4. This effect is unaccounted for by the widely used RPKM/FPKM normalization of ChIP-seq samples, and for the previous study we therefore used a normalization strategy based on H3K4me3 at the top-5000 ranked transcription start sites6.
5. In this study, the widespread gain of H3K9me3 signal at the H3K4me3 enriched regions where it is normally depleted occurs in more than one fifth of the mouse genome6. This would not only elevate the signal in the normally depleted regions, but also lead to a considerably reduced signal in the areas of canonical enrichment (Extended Figure 4c).

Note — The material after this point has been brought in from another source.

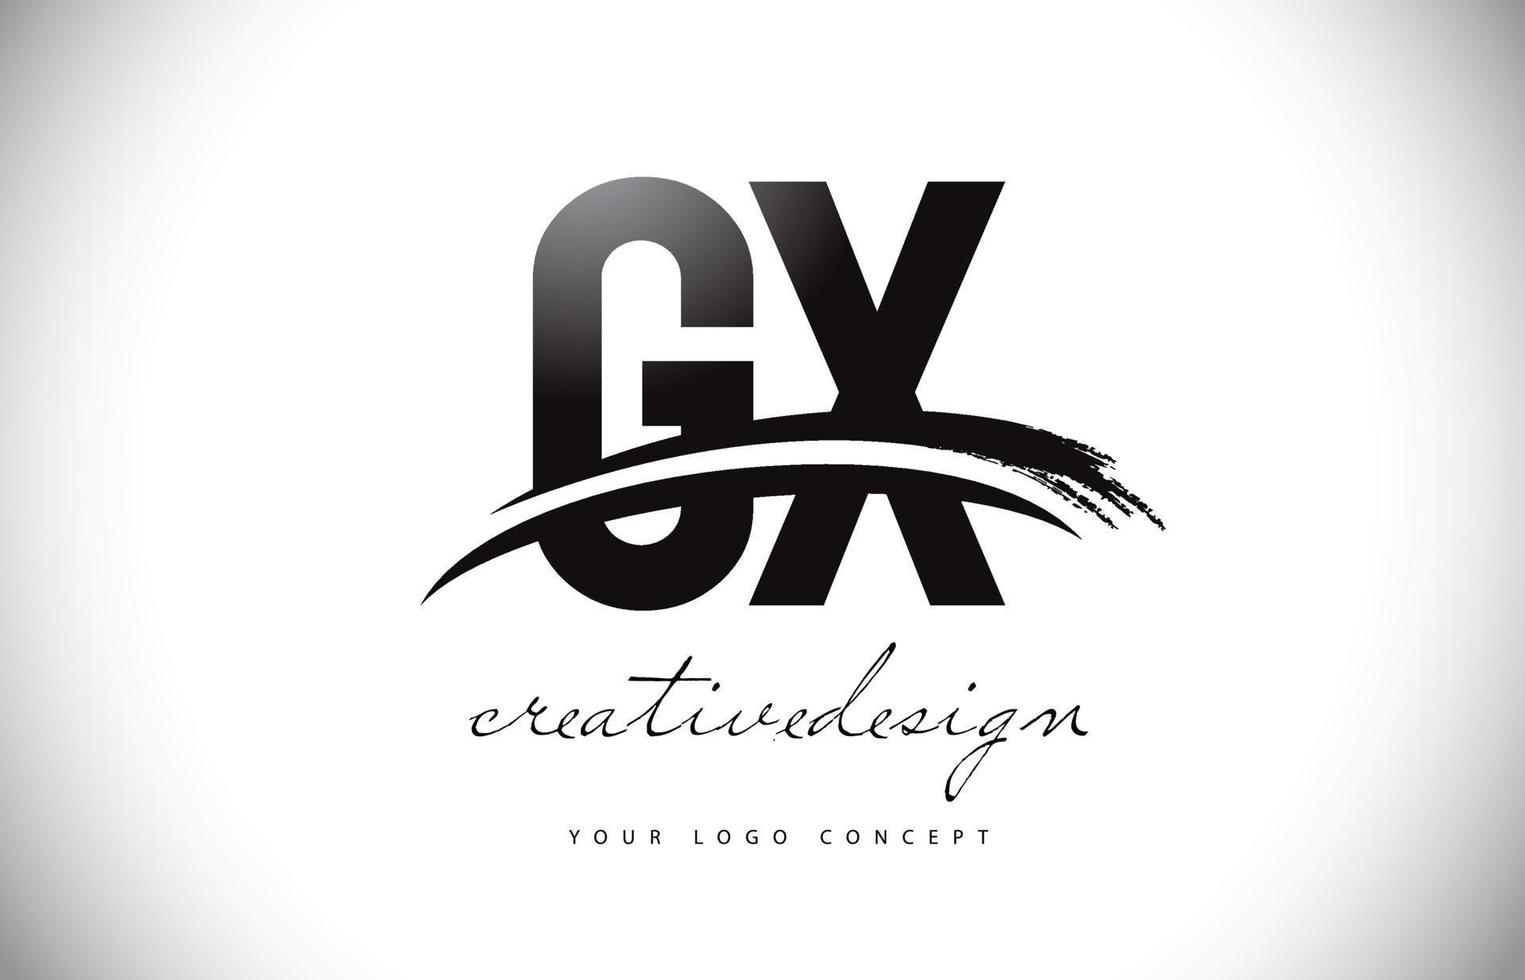 GX G X Letter Logo Design with Swoosh and Black Brush Stroke. vector

6. Therefore, we would be highly cautious about interpreting the loss of gene body H3K9me3 in absolute terms, and prefer conservative interpretations. Accordingly, we find it likely that the apparent loss of H3K9me3 is due to the susceptibility of ChIP-seq and FPKM normalization to pronounced increases in the fraction of the genome, which is covered by H3K9me3.
7. As assessments of the extent of this in a quantitatively manner would require a spike-in setup, which have not yet been developed for the very small-scale ChIP-seq used here, we chose the commonly used FPKM-normalization for plots and analyses, and to make conservative statements that are unaffected by the choice of normalization.
8. This conservative approach could lead to underestimations of the extent of H3K9me3 gain in broad domains, and to illustrate the consequences, we have done pairwise comparisons of FPKM normalized plots and similar plots normalized in a manner parallel to what was previously used6 (Extended Figure 4 d,e).